The copy you print must match the listing exactly, with its pictures removed.

→ DATA BLOCK:
- - - - - - -

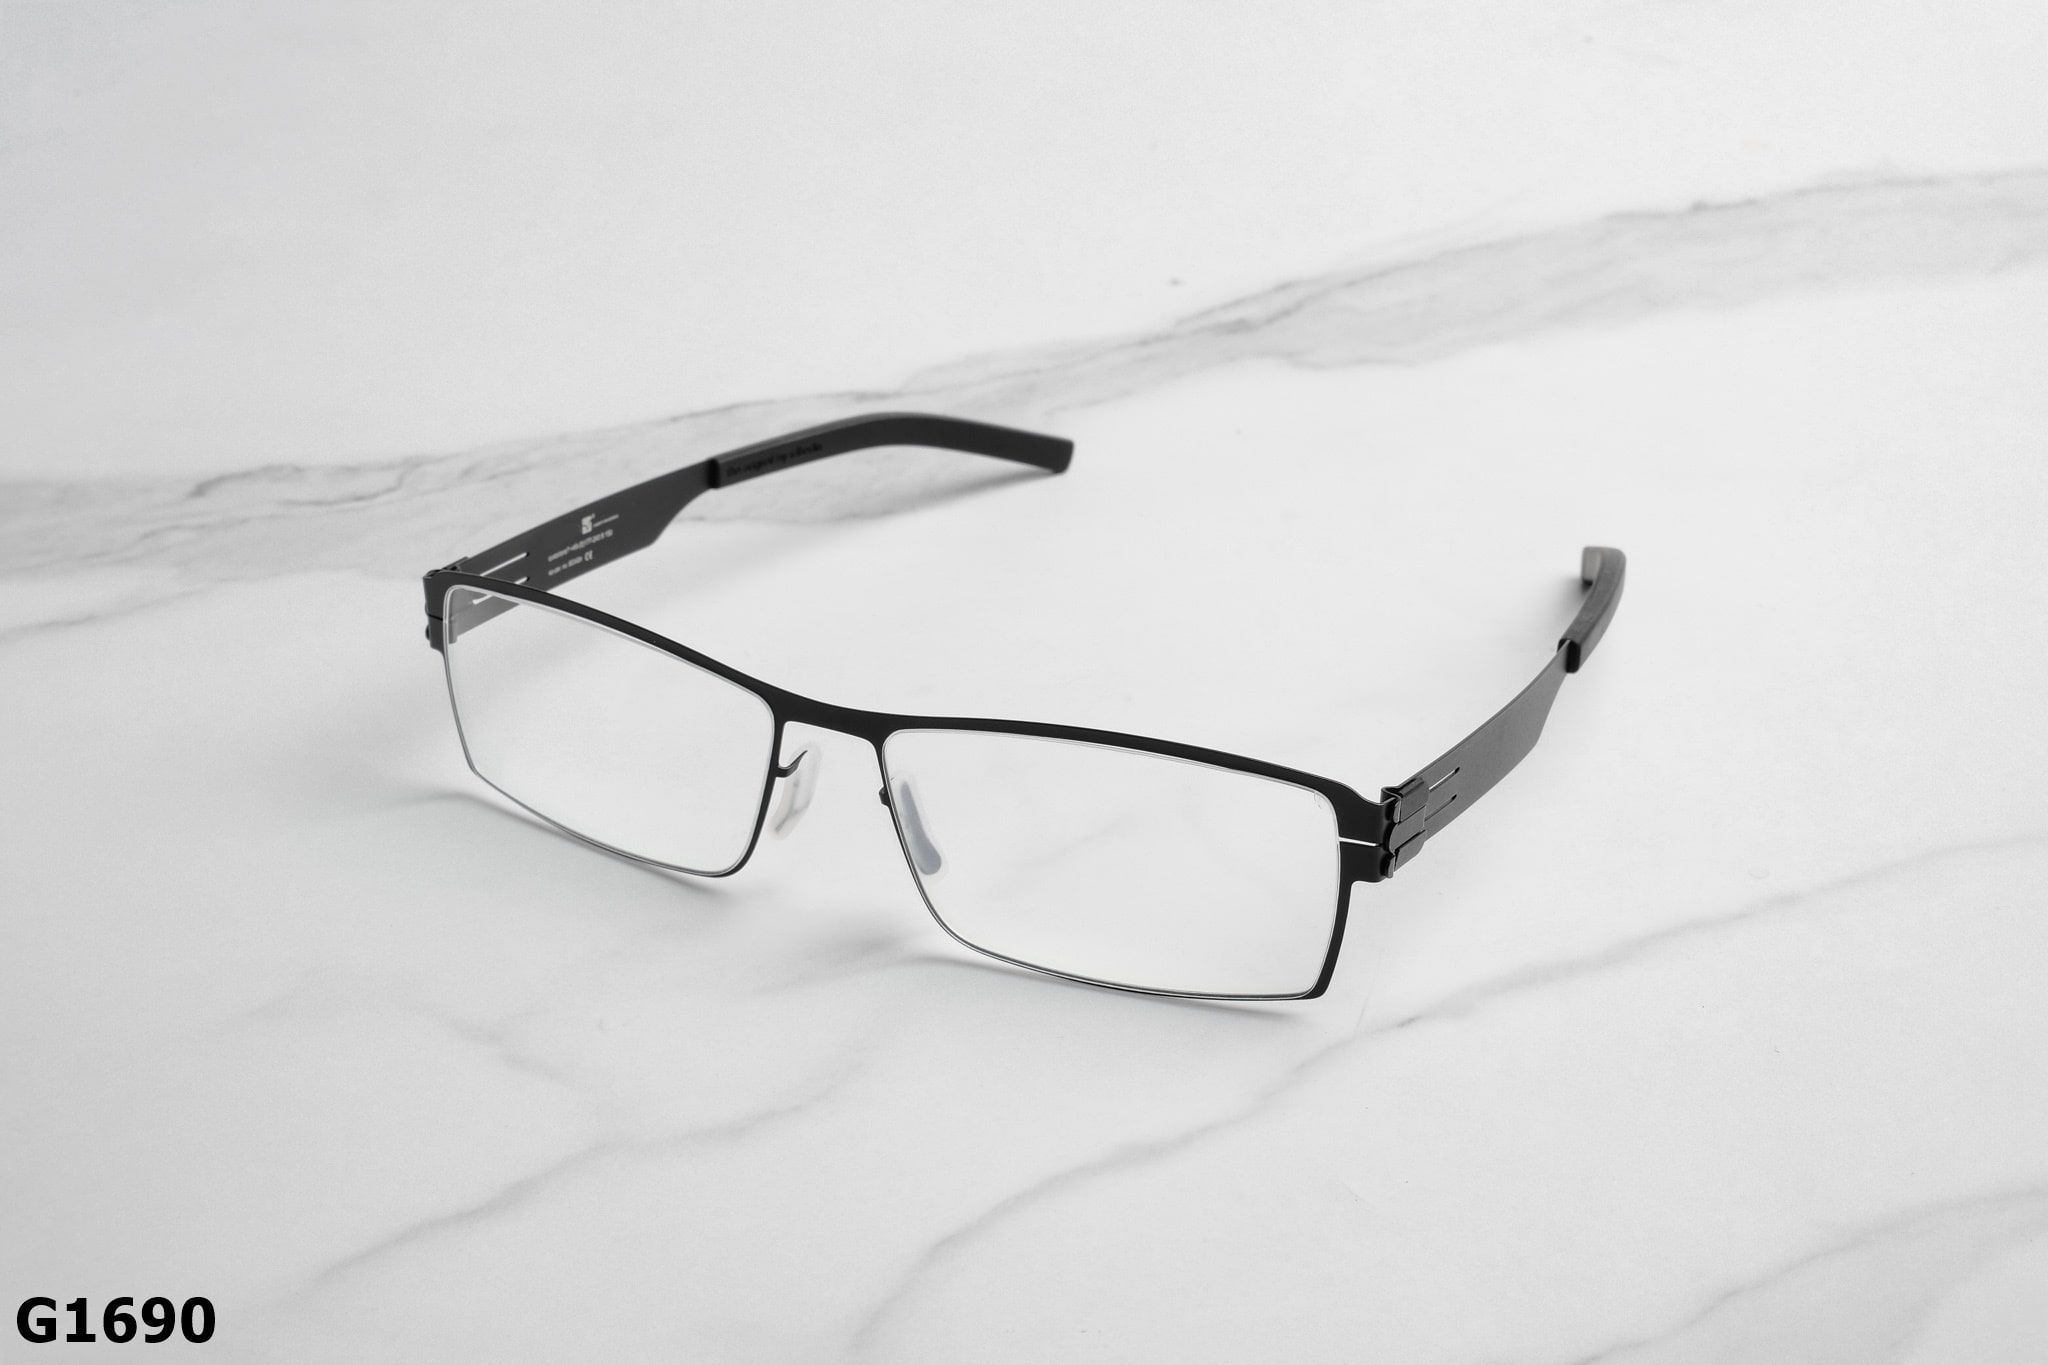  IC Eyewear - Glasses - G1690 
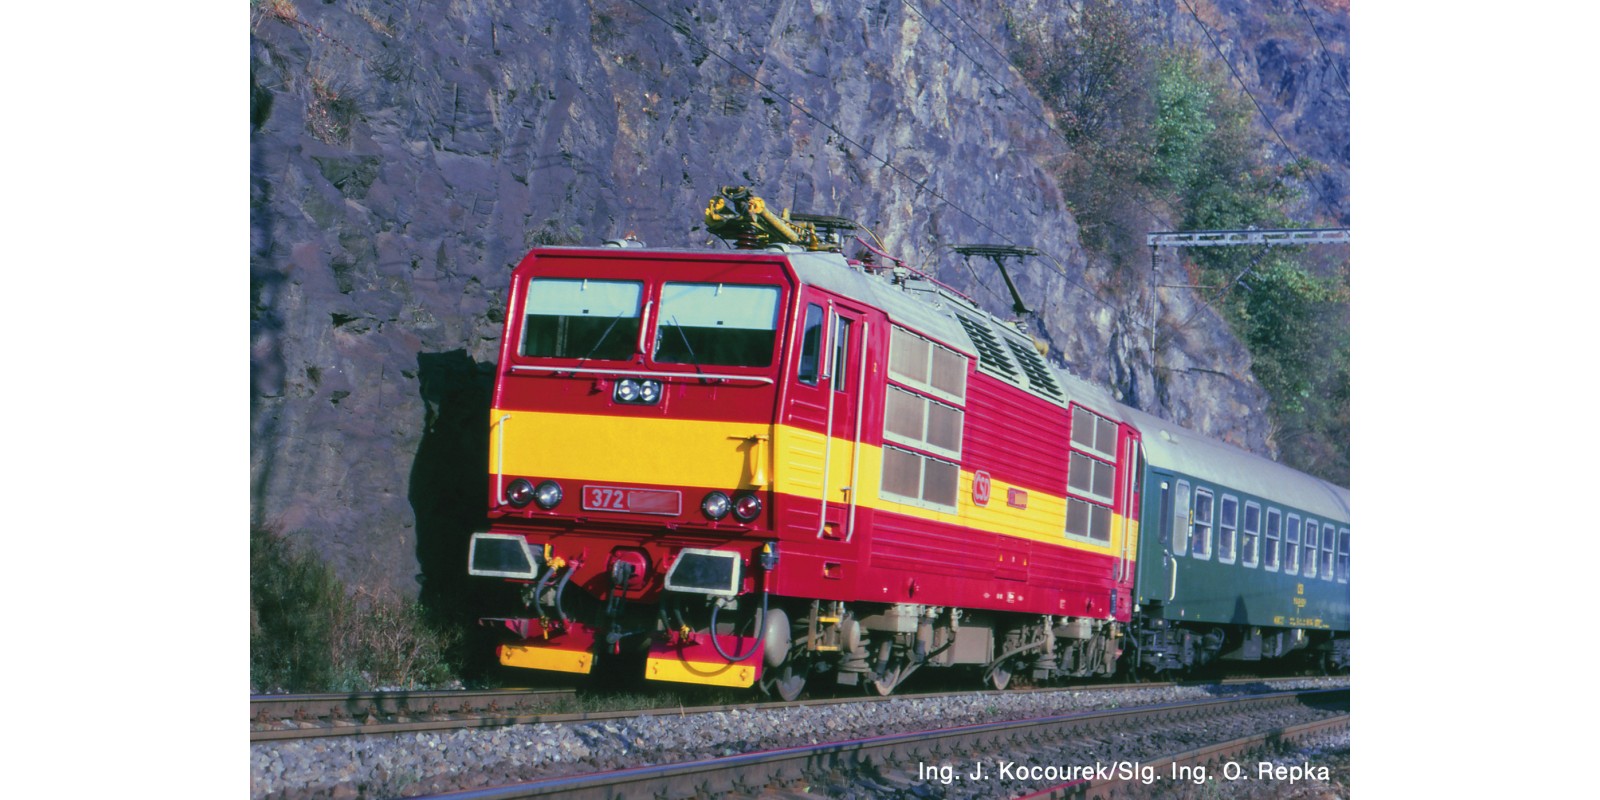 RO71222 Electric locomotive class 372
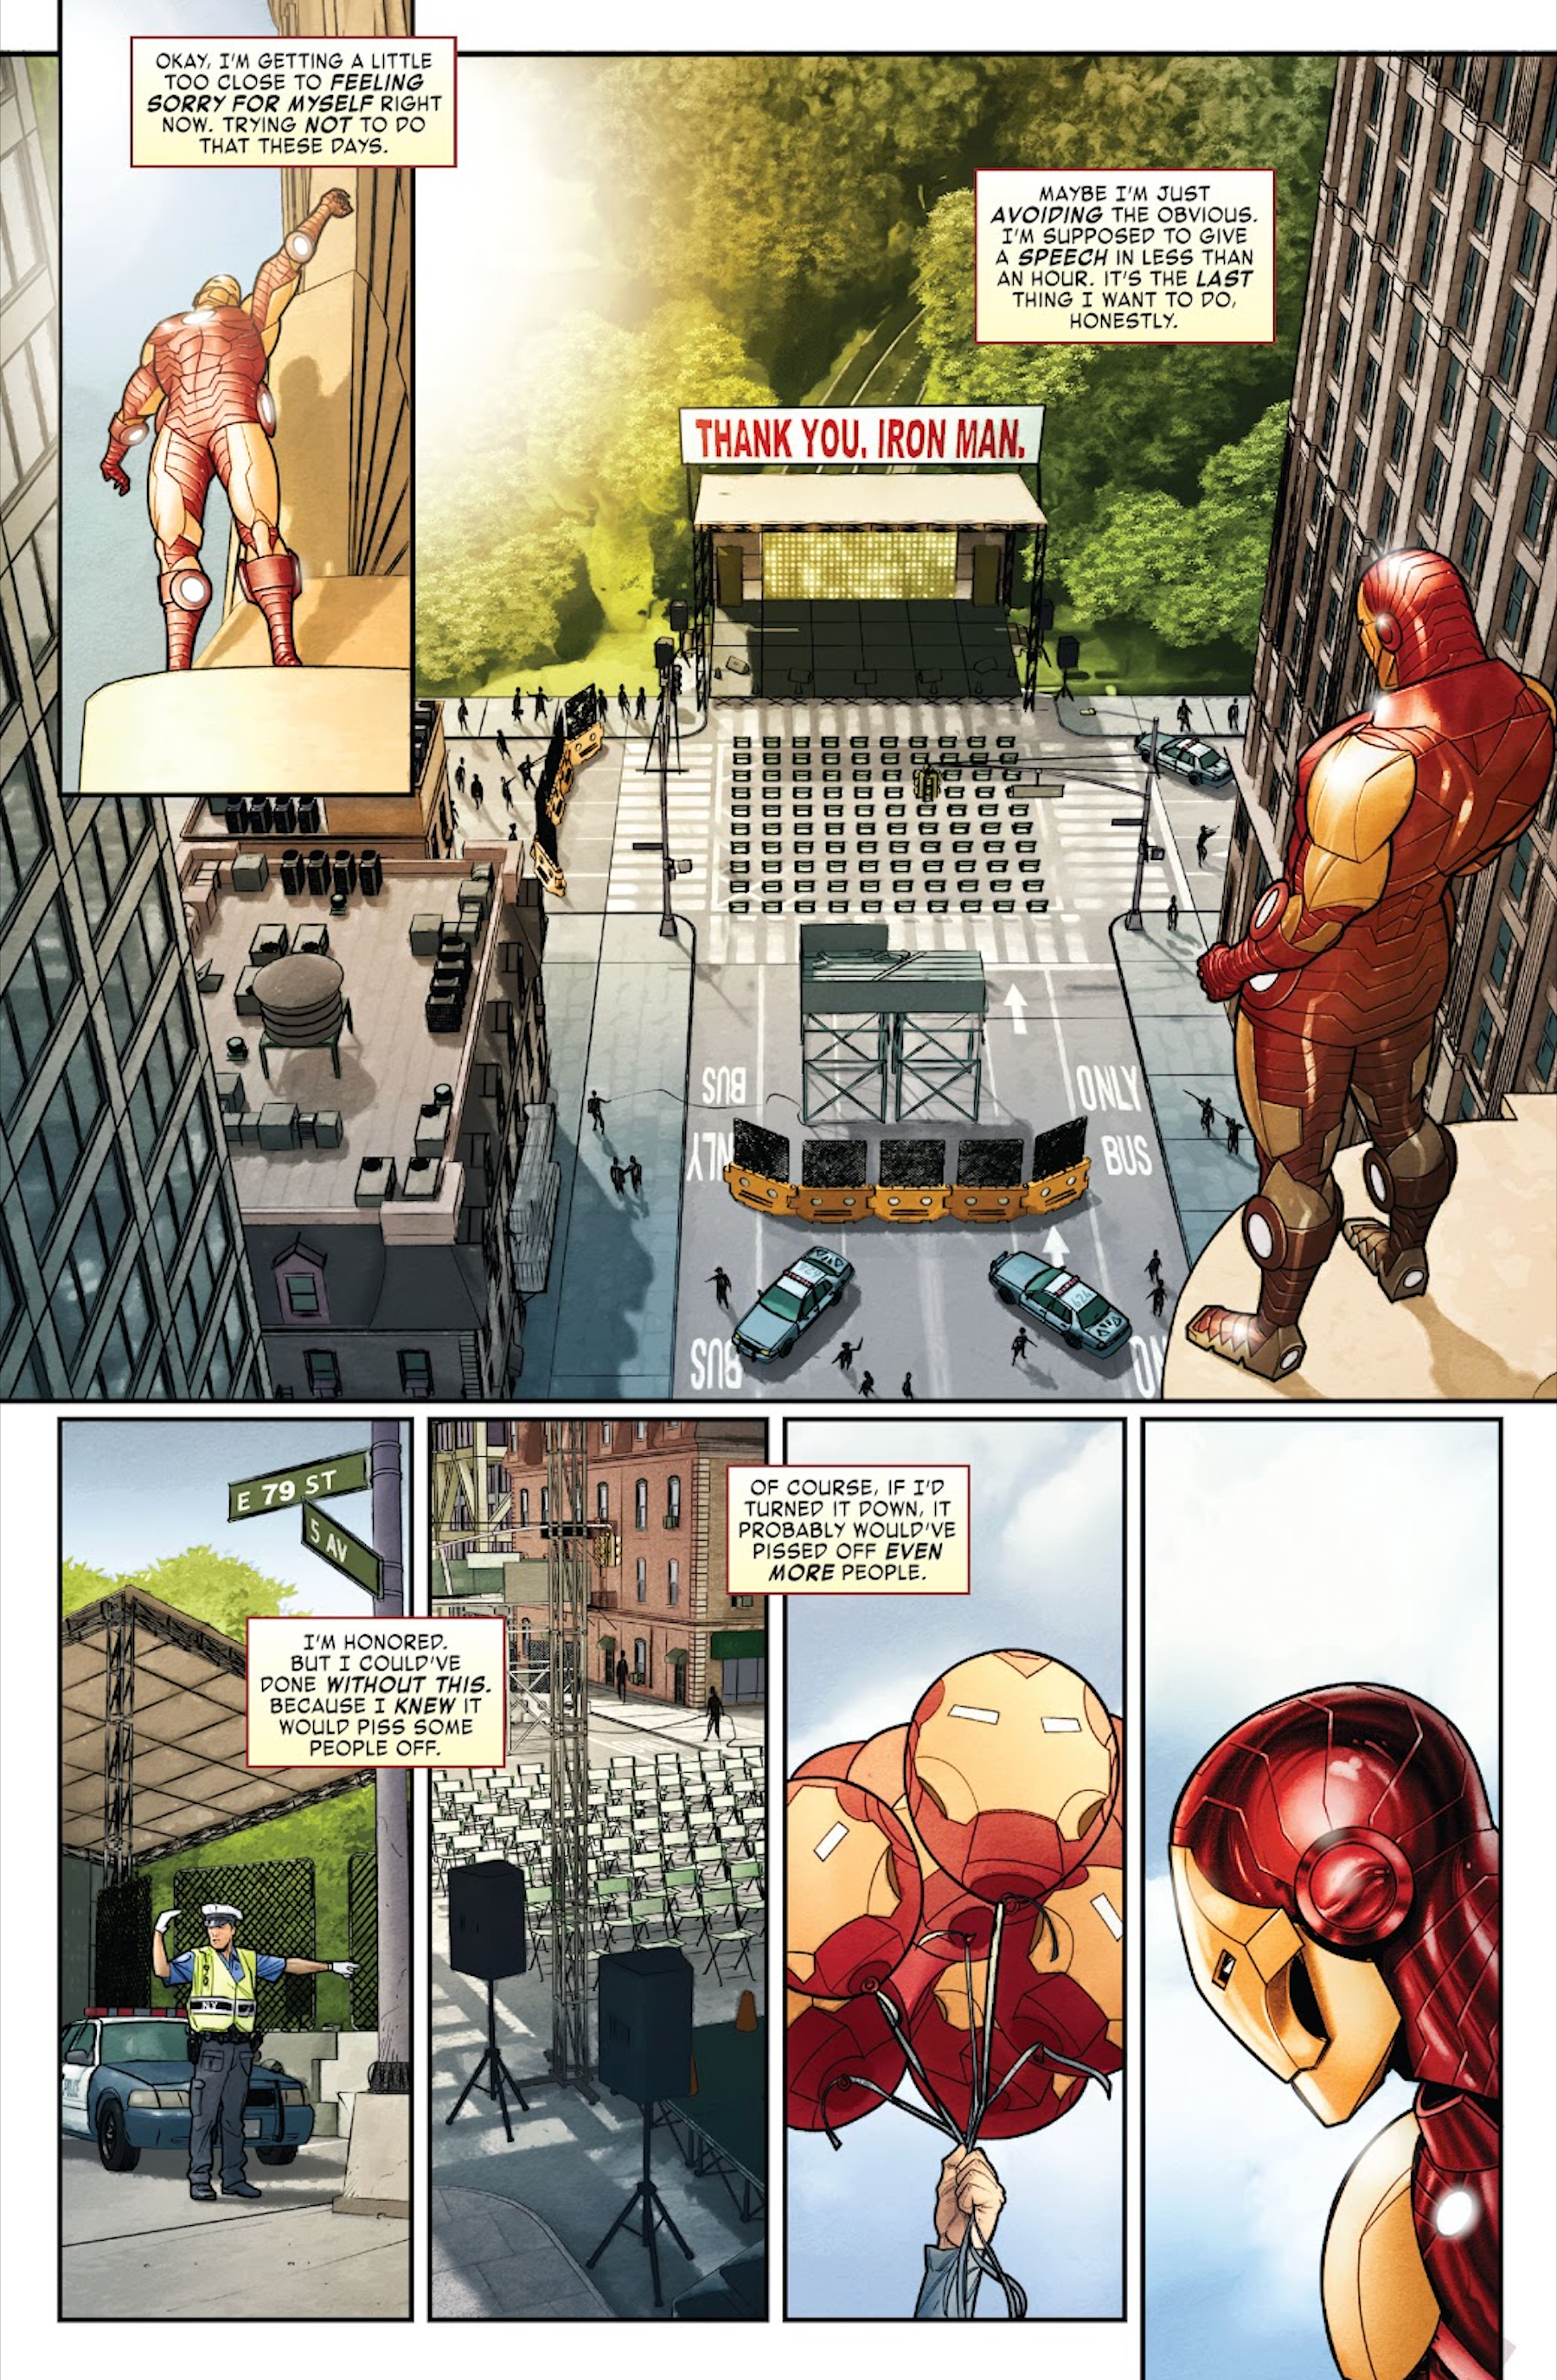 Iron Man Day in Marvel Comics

- - - - - - -

→ WRITTEN ANSWER:
  IC Eyewear - Glasses - G1690 
 RO71222 Electric locomotive class 372
 Iron Man Day in Marvel Comics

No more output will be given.